Data entries:
----
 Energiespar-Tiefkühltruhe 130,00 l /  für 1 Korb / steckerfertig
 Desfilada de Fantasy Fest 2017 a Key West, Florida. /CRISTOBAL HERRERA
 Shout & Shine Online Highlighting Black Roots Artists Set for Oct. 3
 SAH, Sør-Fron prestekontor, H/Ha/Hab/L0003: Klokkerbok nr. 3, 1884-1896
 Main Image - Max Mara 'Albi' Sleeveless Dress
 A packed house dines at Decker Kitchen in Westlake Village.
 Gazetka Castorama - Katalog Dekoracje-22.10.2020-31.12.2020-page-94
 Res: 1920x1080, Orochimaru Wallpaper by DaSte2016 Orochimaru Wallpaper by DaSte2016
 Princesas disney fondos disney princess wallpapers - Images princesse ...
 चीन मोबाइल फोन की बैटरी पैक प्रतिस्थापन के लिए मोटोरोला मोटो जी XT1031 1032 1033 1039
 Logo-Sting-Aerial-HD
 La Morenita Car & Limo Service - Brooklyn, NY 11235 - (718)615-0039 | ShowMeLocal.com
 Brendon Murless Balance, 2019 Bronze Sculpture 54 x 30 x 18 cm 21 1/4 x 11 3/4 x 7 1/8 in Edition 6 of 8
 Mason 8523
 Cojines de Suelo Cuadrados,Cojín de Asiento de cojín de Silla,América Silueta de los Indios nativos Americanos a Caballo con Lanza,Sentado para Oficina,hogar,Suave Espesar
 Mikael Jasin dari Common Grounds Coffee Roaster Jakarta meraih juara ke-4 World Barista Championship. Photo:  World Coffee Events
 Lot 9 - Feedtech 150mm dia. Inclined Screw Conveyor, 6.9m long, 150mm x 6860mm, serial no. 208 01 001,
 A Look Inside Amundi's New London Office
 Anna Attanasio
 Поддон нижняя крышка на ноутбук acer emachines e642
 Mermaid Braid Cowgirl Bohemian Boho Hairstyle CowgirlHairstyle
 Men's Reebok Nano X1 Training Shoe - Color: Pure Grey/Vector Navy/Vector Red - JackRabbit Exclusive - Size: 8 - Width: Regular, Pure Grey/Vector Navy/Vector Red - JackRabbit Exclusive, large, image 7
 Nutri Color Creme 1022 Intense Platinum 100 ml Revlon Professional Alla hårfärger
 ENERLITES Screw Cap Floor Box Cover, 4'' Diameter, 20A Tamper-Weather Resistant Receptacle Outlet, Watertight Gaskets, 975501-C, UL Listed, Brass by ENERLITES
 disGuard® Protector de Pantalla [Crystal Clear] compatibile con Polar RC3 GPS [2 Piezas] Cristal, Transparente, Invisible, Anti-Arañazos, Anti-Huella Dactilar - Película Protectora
----
▸ Work to complete: Give only a number, the count of lines above that include the string "Color".

▸ Response below: 2